The demonstration of reliability and validity is an important precursor to any epidemiological study of OA using ultrasound. Previous studies that have assessed inter-rater reliability of ultrasound features of knee OA have included only small numbers of patients  or a small subset of the patients in the original study. Inter-rater reliability between multiple experts in Europe on six patients (two with Rheumatoid Arthritis, four with OA) showed an overall Kappa of 0.60 for the knee, with the agreement being 92% for effusion/synovitis and 85% for bony cortex abnormalities . Our study results show a slight improvement in the agreement between two ultrasound observers, when compared to a study of the knee  and the hip  previously. This may in part be due to the fact that the two observers in our study had the opportunity to agree on a consensus, prior to the commencement of the study. This is the largest study to date, involving 34 knees, to address the issue of inter-rater reliability of ultrasound for various features of knee OA.
Jonsson et al  studied six patients and four controls who had each of these imaging modalities repeated once within one to four weeks of the initial imaging procedure. Radiographs (although an indirect measure of cartilage thickness) were the most reproducible imaging modality to assess cartilage in the knees with a co-efficient of variation of 6.5%, while ultrasound performed next best with a co-efficient of variation of 8.4% and magnetic resonance imaging faring worst at 12%. While this may suggest that ultrasound demonstrates better test-retest reliability than MRI, it should also be noted that significant improvements have been made in the quantification of cartilage measurements by MRI  since that study took place. The kappa and ICC agreement values in our study using ultrasound are comparable to those of radiographic studies of inter-rater reliability [36, 37].

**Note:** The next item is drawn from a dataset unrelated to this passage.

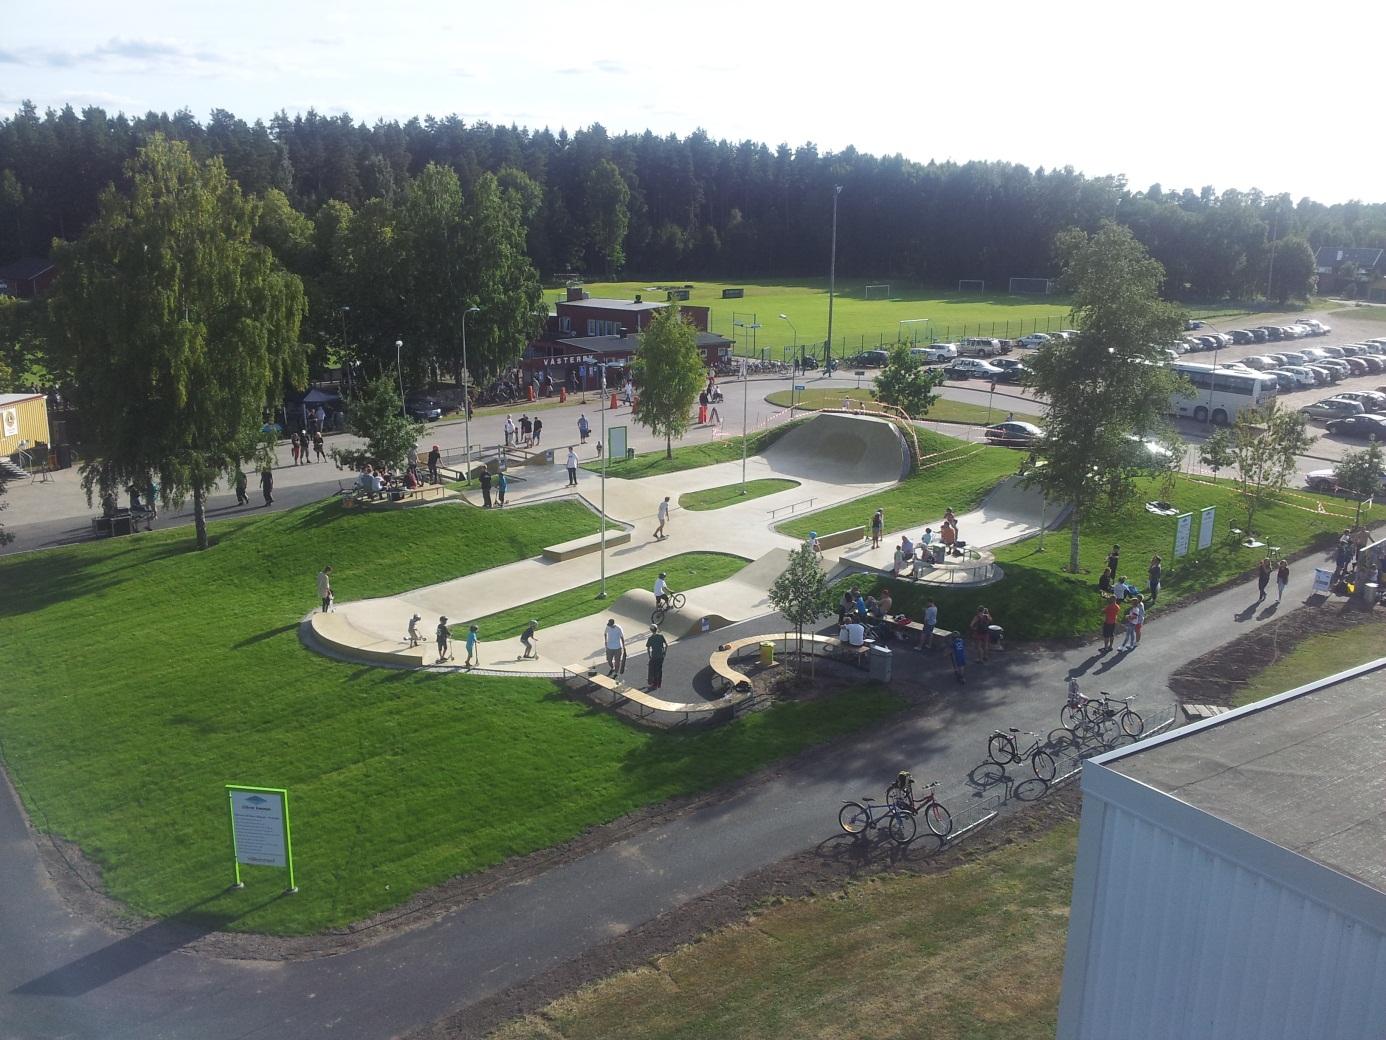 G 246 Tene Skatepark G 246 Tene Kommun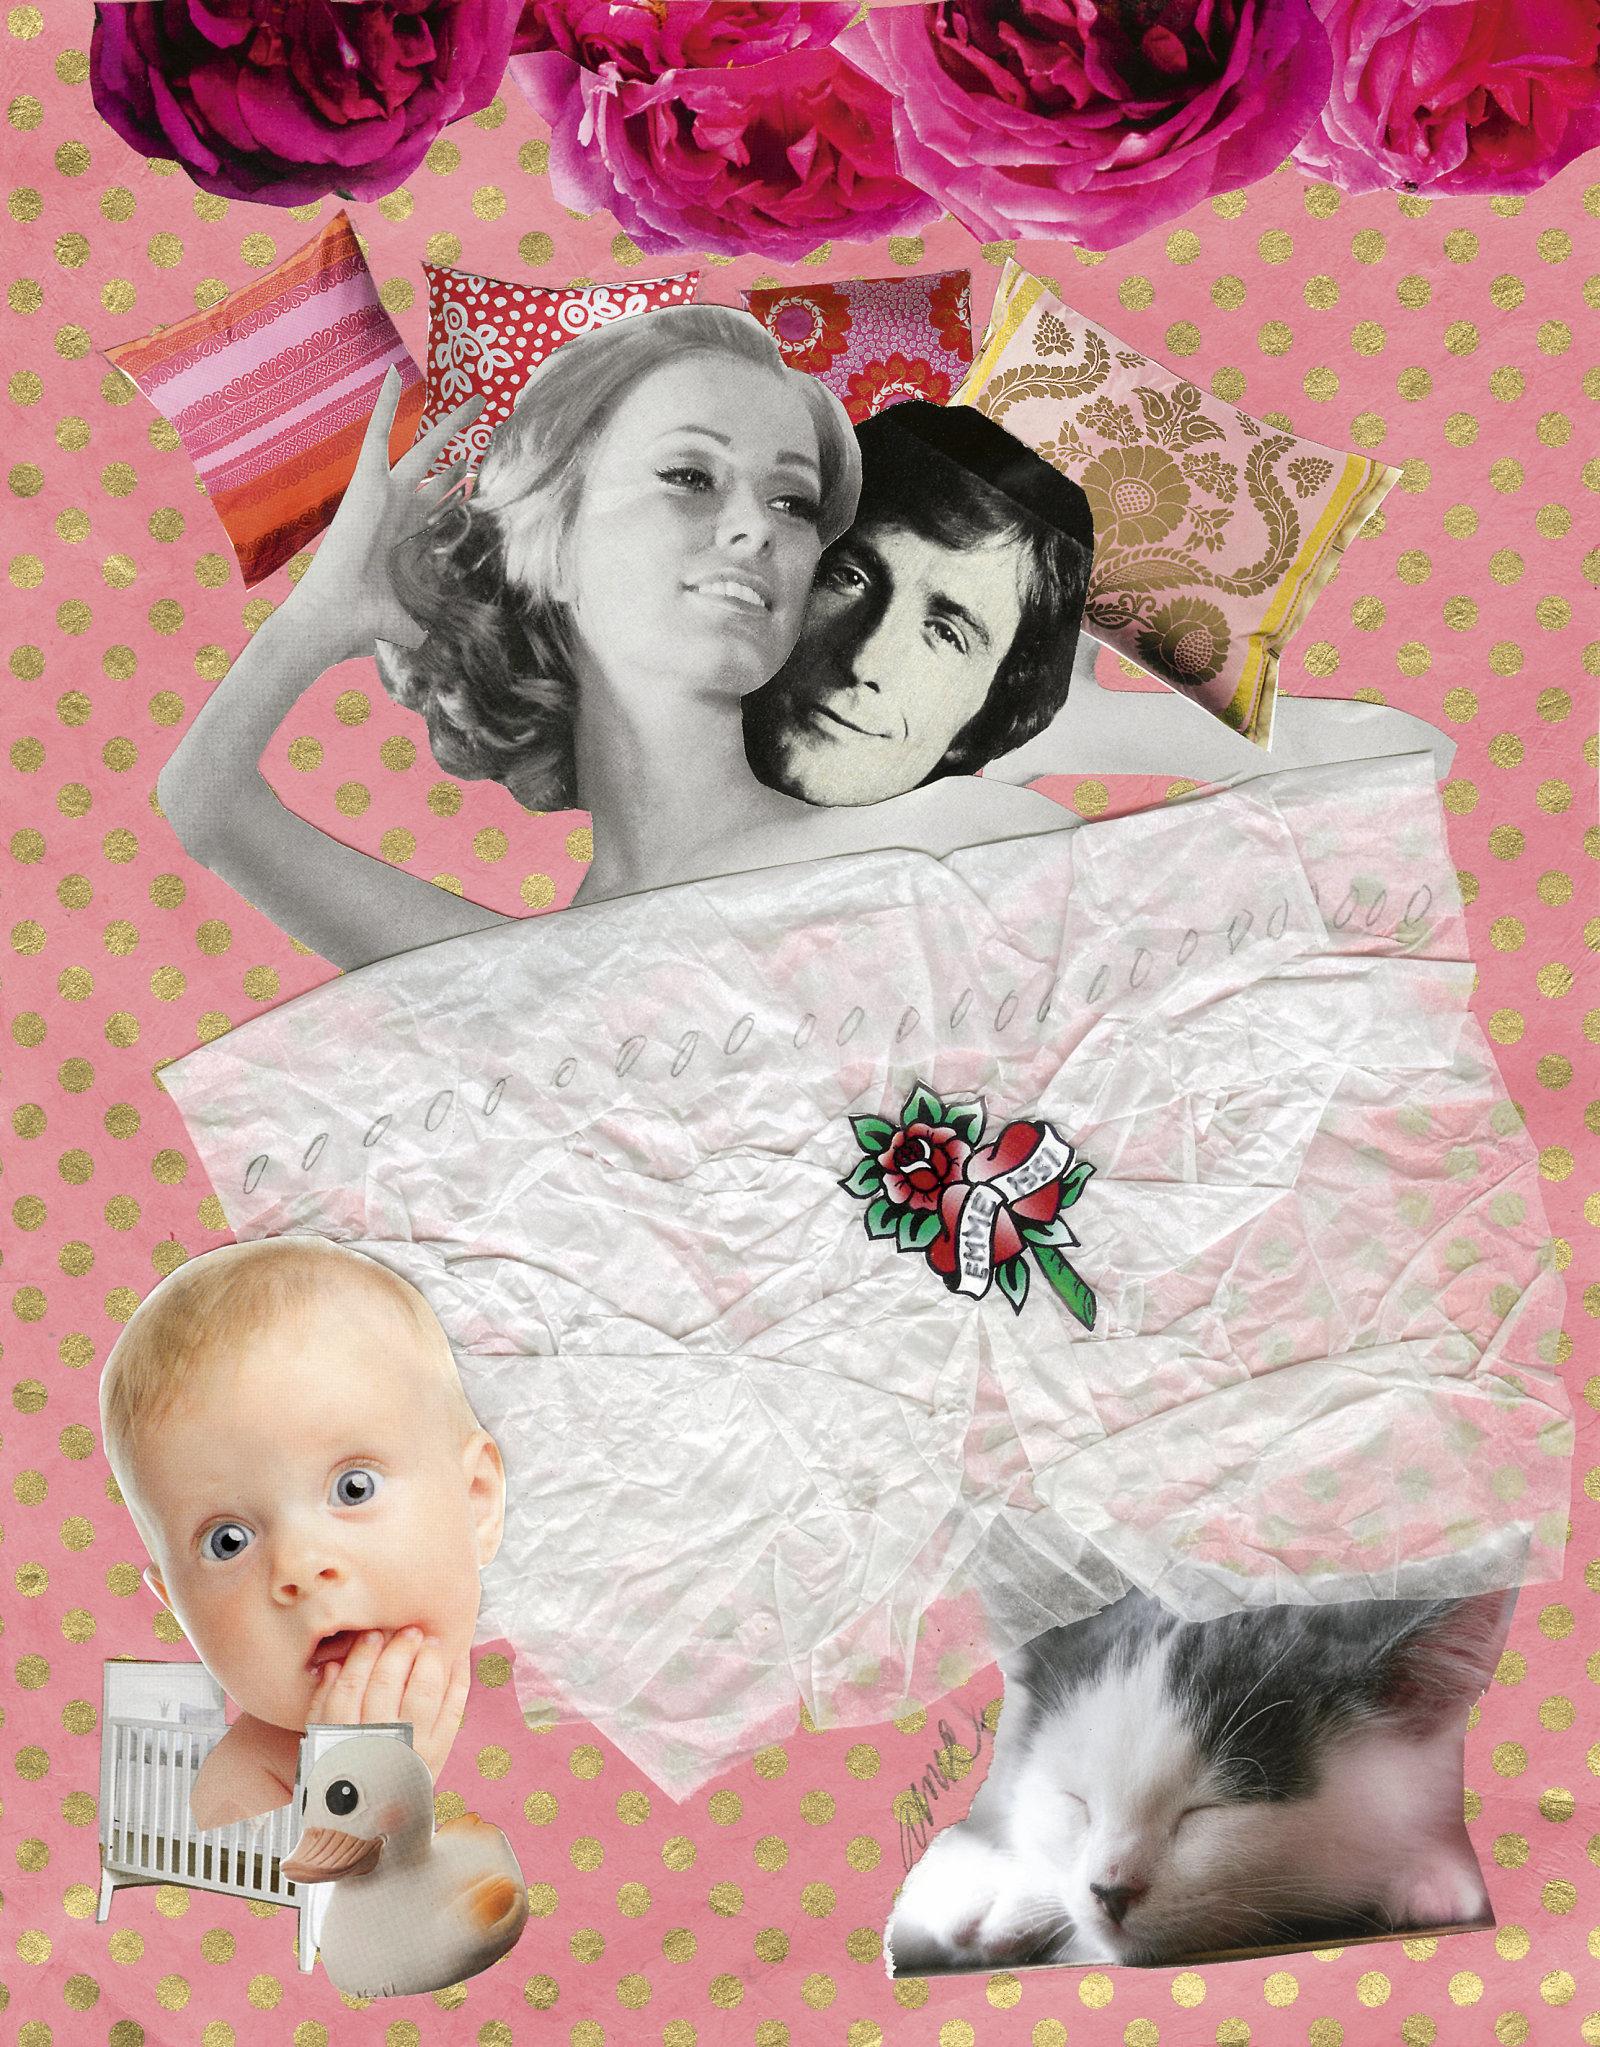 7dfa16a8b78 Seetõttu ongi soovitav 6–8 nädalat pärast sünnitust minna naistearsti või  ämmaemanda juurde kontrolli. Seal tuleks muu hulgas rääkida ka seksuaalelu  ...

Ultrasound demonstrated excellent agreement with MRI in a validation exercise involving 14 observers from all around Europe. There was 100% agreement for effusion, 79% for synovial hypertrophy and 75% agreement for osteophytes, when compared to MR imaging, among the observers who imaged the knees of four patients with inflammatory arthritis . Yoon et al demonstrated validity of the longitudinal sagittal ultrasound image for assessment of cartilage thickness in a study using MRI as the comparator in 51 patients with knee OA in South Korea . However, the longitudinal sagittal image has not been performed subsequently in other studies or advocated previously in the EULAR guidelines ; this was not performed in our study either. The transverse image for femoral cartilage thickness has been validated by comparison with histopathological specimens , which can be considered to be the gold standard and superior to MRI in measurement of cartilage thickness. Naredo et al compared ultrasound with measures of pain and radiographs in 50 patients with knee OA . They showed that knee effusion, medial meniscal protrusion and displacement of the medial collateral ligament were associated with significantly higher knee pain. Medial meniscal protrusion was related to decreased medial joint space width on radiographs. A Danish study which compared ultrasound and MRI showed that ultrasound detected 100% of effusions seen on MRI and Spearman coefficients of 0.87 and 0.86 were seen for effusion and synovial thickness measurements between the two modalities, respectively . Our study could not validate features of inflammation because the comparator was radiographs. However, the Kappa values of 0.52 and 0.75 for comparison of osteophyte detection between ultrasound and radiographs in our study are similar to the results from the MRI study above.